The acquisition of surgical skills through simulation-based training is demonstrated by two key concepts: transferability and retention. Transferability is ascertained when the skills learned by trainees in simulation-based programs are transferred to actual performance in a patient-based setting.4,5 Hence, it is the most effective measure of the predictive validity of simulator training. Evidence from orthopaedic and other surgical specialties indicates that trainees who reach proficiency in a simulation-based program do better in the patient-based setting than do their counterparts without this training.6-10 The transferability of skills is not guaranteed in simulator-based training, however; other factors, such as inherent learning style, the nature and type of feedback, and opportunities for learning reinforcement, also determine whether acquired skills are successfully applied at high levels outside the laboratory.4
Although skill acquisition and transfer are initial steps in the learning process, skill retention is the de facto indicator of later performance. Therefore, learning and retention should be considered together; learning cannot occur without retention.11
Retention of Surgical Skills After Simulation-based Training
According to Edgar Dale’s Cone of Experience, learners retain more information or skills when they “do” a task rather than “hear, read or observe” it12,13 (Figure 1). Learning by doing is the fundamental principle in simulation-based surgical skills training, and the goals are retention and later performance of these skills. Reinforcing retention of learned content can be challenging for educators when creating training programs, however. This challenge is even more prominent in simulation-based surgical skills training, during which the four major modalities of learning—visual, auditory, kinesthetic, and tactile—must be used simultaneously in a coordinated manner.

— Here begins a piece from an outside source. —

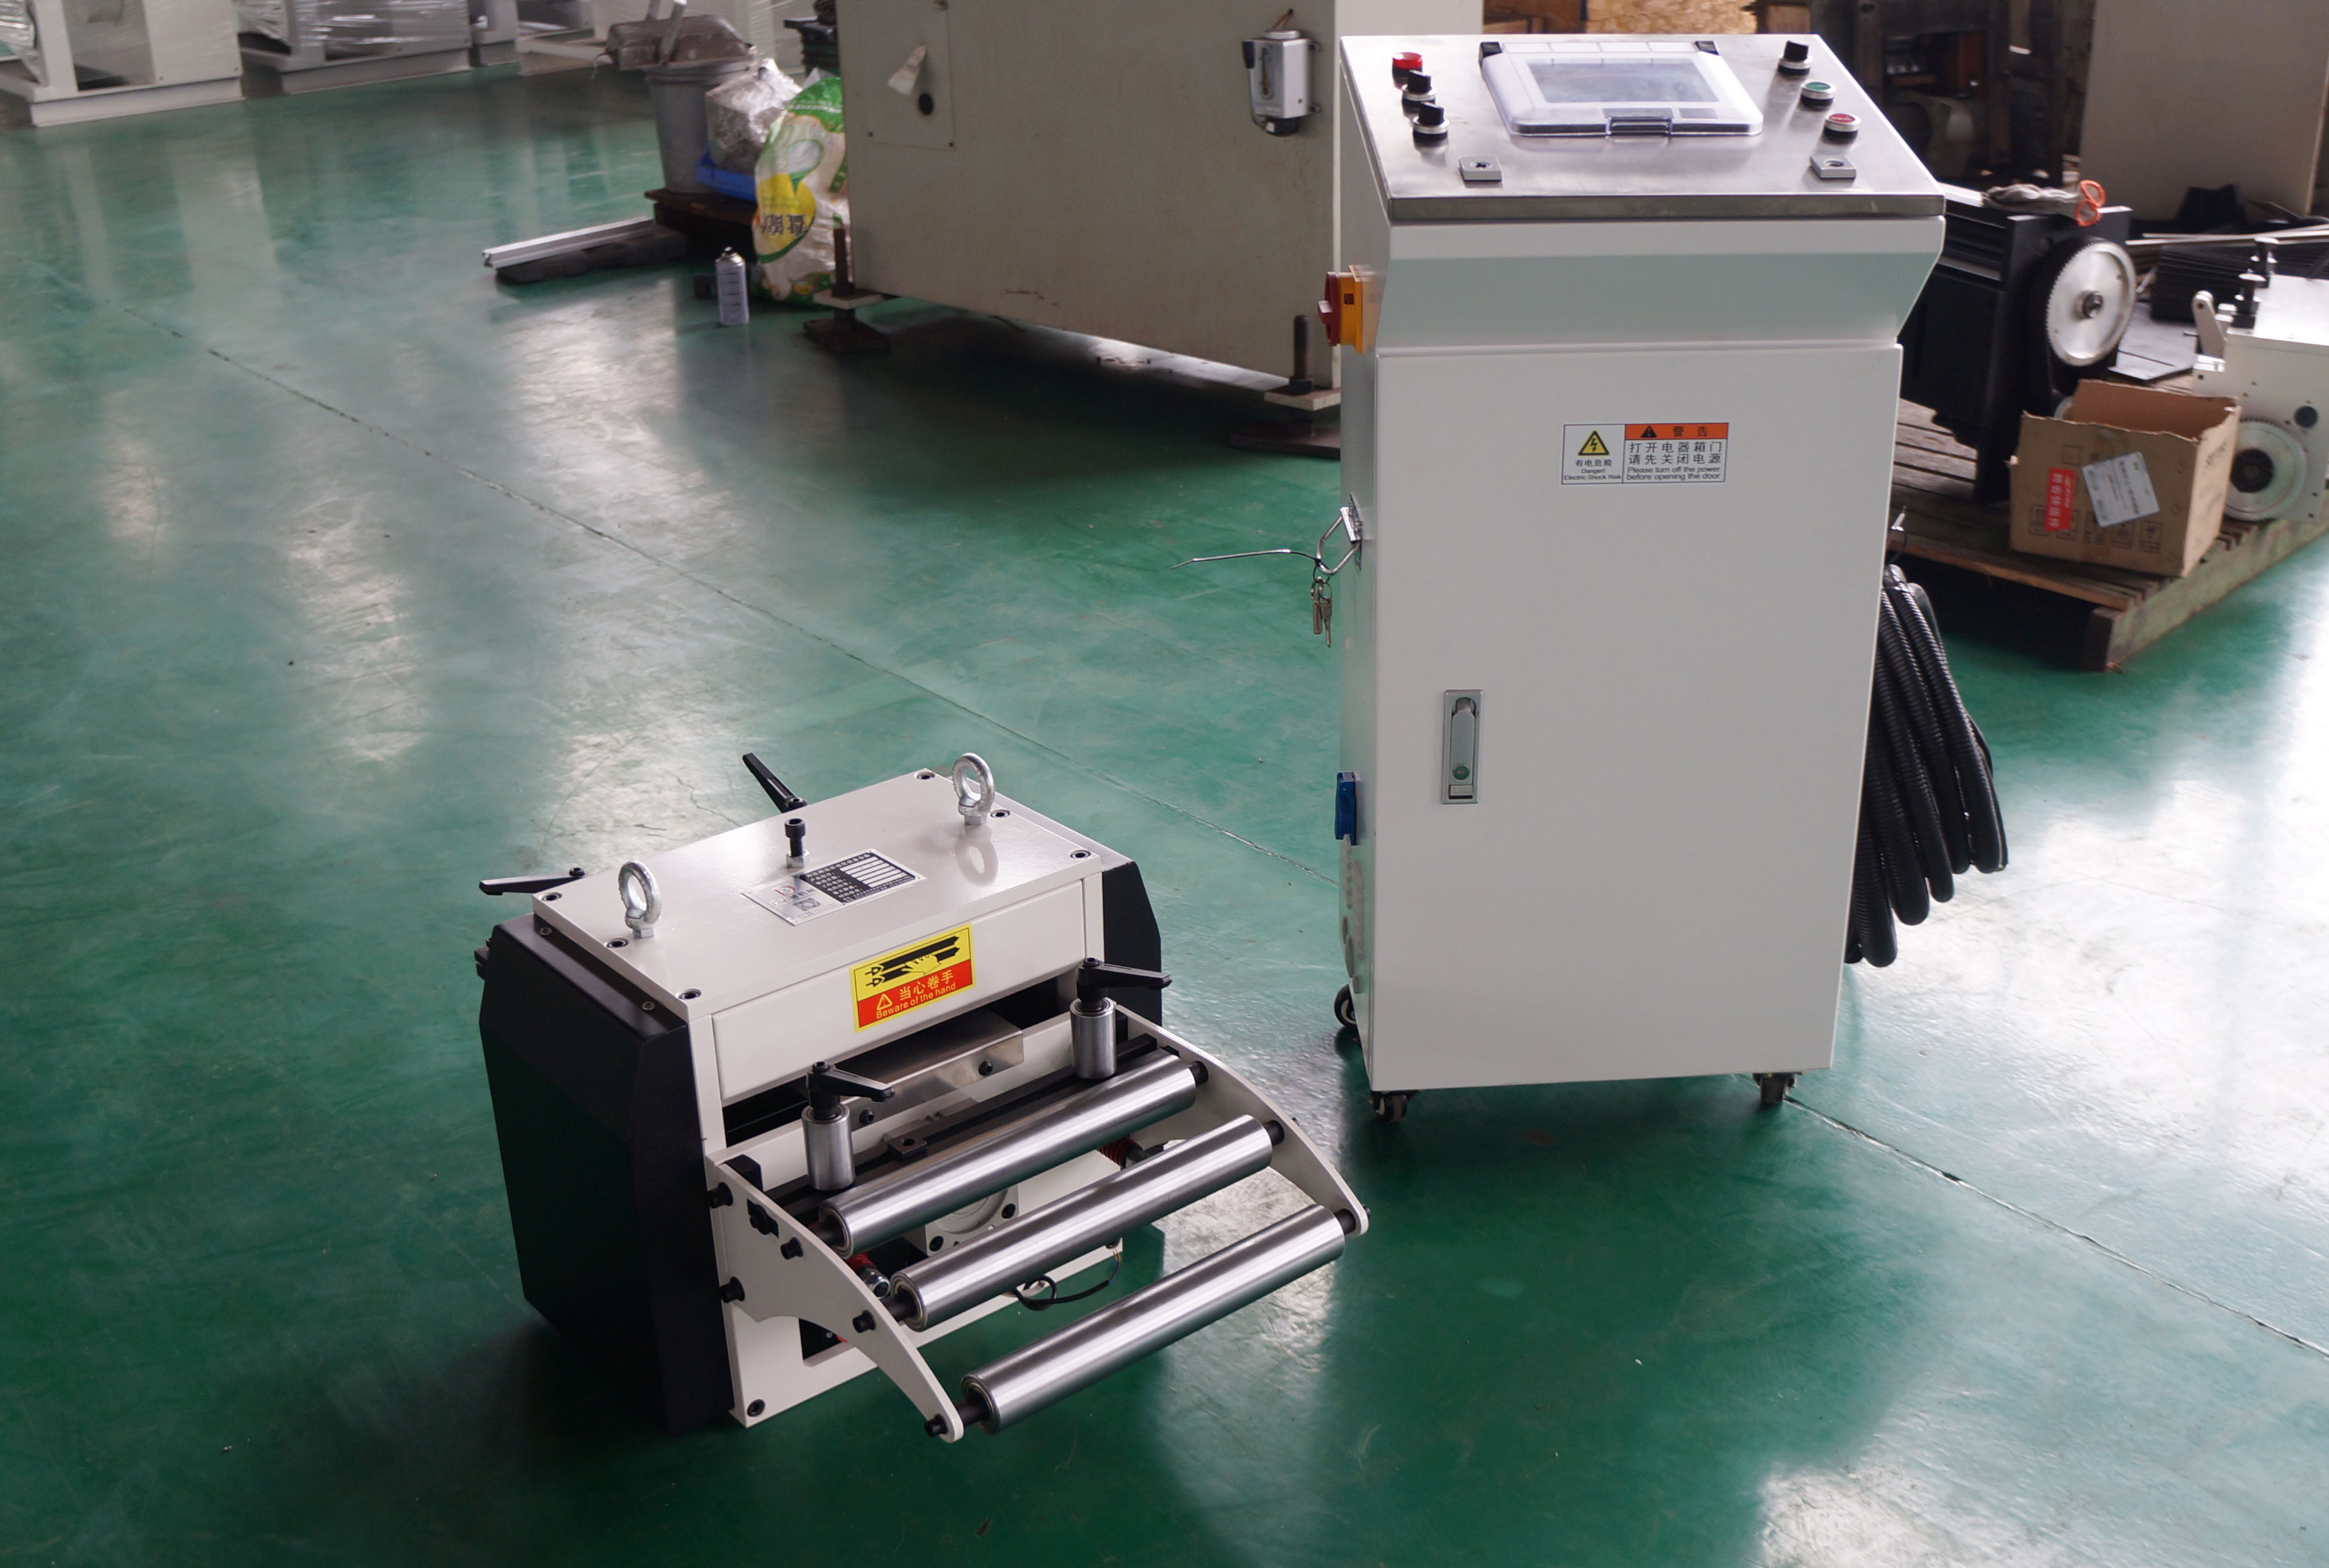 NC数控送料机,NC送料机,伺服送料机,数控送料机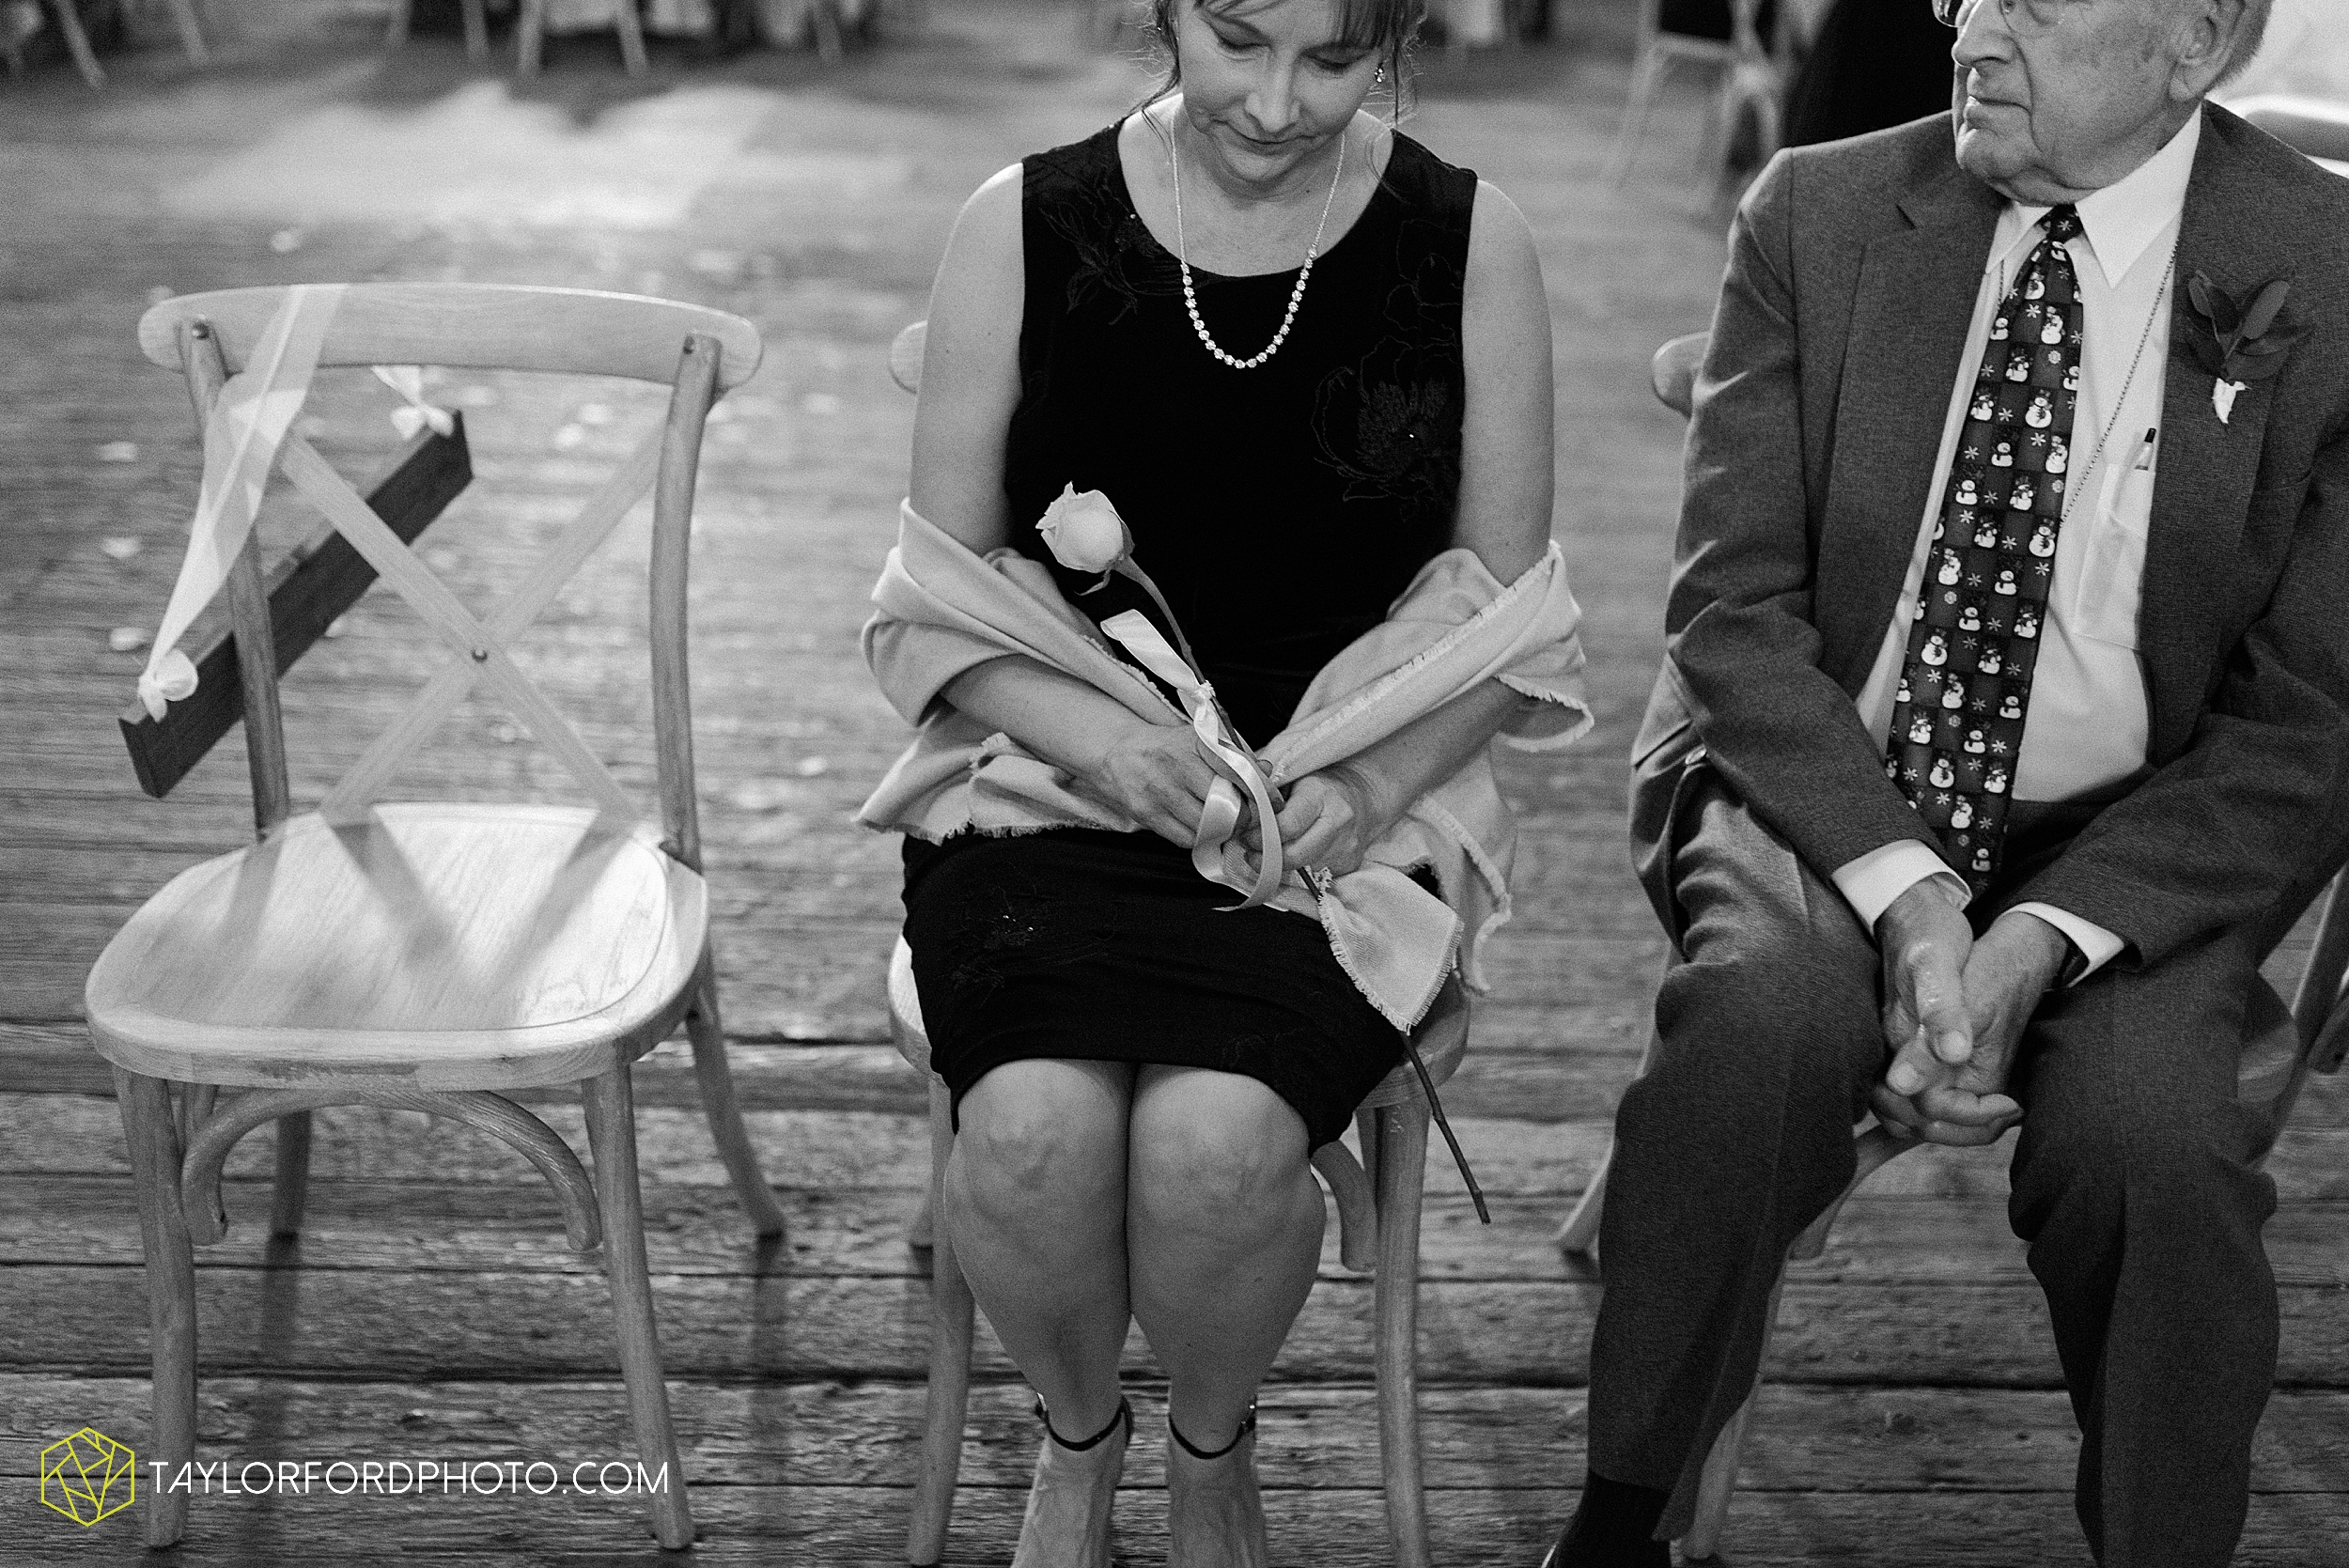 marissa-nicole-nick-daeger-orrmont-estate-farm-wedding-piqua-dayton-troy-ohio-fall-photographer-taylor-ford-photography_1522.jpg

Skill retention can be arbitrarily divided into three periods: immediate (minutes to hours), short-term (up to 3 months), and long-term (3 months to years). Any learning process, particularly skills training for future surgeons, should promote long-term retention. In the healthcare professions, where human lives are at stake, decay of learned skills can have drastic consequences. Despite this awareness, published evidence regarding skill retention after simulation-based training in orthopaedic and other surgical subspecialties is limited.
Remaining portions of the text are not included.